◆ Problem to work on ◆
I need every line that includes the word "Bridal" copied from the material.
*** Opening of Study material ***
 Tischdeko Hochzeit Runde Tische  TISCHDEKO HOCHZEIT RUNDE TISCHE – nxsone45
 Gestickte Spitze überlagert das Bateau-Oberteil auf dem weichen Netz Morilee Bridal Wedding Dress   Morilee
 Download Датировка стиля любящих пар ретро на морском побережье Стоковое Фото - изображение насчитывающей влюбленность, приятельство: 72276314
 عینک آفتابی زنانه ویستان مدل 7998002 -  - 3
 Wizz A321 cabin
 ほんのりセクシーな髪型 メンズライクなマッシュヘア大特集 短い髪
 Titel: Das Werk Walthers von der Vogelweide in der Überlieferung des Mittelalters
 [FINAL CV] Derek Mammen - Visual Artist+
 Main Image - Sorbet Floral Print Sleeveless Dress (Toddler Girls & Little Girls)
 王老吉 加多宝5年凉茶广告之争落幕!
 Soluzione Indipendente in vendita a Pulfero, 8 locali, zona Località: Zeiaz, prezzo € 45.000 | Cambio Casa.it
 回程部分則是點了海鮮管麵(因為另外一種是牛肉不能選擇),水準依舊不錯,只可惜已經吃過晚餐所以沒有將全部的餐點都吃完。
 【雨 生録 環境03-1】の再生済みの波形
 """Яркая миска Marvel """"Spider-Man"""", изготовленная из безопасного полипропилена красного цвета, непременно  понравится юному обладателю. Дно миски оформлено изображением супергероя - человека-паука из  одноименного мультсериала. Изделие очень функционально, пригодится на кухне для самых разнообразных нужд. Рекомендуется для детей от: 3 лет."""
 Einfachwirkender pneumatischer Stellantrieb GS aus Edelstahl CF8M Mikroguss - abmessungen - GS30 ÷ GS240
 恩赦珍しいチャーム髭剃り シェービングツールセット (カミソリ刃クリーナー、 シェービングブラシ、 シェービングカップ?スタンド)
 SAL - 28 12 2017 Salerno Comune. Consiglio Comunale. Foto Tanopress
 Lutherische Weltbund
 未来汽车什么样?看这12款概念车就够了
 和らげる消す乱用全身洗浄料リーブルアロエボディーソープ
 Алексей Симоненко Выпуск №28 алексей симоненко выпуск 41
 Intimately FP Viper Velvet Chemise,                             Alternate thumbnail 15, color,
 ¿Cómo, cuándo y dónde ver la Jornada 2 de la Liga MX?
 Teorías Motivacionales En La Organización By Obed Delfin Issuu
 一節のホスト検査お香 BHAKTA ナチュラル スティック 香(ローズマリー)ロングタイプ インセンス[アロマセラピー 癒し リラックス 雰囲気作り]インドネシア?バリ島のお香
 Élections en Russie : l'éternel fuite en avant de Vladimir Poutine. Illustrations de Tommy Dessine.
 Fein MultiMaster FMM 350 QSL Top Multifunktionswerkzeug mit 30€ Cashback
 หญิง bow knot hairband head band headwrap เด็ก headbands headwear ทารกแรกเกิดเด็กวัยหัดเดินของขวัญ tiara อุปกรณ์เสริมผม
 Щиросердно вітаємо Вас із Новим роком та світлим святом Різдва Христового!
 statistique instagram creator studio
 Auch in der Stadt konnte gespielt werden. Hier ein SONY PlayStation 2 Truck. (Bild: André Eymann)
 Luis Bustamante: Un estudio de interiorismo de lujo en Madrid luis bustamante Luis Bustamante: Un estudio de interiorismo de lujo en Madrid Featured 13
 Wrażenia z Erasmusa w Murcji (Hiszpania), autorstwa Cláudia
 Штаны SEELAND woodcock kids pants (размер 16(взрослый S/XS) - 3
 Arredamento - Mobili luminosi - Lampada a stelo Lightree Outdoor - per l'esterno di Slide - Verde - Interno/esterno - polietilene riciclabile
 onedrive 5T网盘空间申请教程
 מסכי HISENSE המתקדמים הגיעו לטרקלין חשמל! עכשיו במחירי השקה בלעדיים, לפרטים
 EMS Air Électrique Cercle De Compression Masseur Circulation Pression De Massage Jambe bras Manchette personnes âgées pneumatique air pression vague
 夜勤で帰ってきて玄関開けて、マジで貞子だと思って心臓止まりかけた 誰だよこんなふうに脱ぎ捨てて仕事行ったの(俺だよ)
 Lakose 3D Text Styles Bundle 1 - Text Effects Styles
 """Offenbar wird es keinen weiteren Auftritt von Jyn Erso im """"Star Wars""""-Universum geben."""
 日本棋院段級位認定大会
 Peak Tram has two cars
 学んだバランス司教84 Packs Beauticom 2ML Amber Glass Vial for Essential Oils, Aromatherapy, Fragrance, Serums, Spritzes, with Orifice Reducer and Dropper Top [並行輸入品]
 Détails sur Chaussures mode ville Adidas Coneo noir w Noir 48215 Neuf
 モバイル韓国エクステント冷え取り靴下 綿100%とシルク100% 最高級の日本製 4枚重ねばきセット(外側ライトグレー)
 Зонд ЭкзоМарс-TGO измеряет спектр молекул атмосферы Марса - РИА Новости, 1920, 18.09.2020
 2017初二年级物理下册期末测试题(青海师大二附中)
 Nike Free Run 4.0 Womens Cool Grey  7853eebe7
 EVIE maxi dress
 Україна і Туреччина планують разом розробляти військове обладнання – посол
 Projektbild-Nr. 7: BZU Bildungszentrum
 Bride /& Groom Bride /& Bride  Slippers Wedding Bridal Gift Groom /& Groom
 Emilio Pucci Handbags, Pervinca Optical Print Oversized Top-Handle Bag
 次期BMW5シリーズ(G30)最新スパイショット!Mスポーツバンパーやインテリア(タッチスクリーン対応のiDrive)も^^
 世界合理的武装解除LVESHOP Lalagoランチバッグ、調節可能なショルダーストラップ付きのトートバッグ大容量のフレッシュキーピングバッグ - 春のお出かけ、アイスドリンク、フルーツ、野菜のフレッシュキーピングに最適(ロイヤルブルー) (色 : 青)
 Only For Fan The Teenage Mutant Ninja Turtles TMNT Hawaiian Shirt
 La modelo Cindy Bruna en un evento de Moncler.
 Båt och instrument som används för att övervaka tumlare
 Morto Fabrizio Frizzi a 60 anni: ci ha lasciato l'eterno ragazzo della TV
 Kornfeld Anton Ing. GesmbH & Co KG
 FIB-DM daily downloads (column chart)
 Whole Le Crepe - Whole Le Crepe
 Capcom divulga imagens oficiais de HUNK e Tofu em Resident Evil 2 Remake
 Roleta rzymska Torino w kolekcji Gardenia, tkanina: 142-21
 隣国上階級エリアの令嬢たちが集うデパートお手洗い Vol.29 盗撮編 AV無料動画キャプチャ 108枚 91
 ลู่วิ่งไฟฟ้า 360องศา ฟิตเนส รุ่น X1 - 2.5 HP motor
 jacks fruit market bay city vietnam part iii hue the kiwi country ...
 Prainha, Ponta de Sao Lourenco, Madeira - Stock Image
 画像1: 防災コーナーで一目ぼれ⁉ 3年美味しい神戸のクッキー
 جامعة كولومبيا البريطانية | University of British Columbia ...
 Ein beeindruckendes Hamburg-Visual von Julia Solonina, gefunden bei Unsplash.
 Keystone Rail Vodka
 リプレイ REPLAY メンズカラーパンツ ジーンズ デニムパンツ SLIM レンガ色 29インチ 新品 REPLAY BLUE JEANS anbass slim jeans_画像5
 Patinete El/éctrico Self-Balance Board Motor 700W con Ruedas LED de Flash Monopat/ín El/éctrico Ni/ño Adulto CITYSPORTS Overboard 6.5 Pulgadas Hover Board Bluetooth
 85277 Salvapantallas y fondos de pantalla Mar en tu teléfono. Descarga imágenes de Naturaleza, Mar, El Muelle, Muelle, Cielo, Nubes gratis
*** Close of Study material ***
◆ Task result ◆
 Gestickte Spitze überlagert das Bateau-Oberteil auf dem weichen Netz Morilee Bridal Wedding Dress   Morilee
 Bride /& Groom Bride /& Bride  Slippers Wedding Bridal Gift Groom /& Groom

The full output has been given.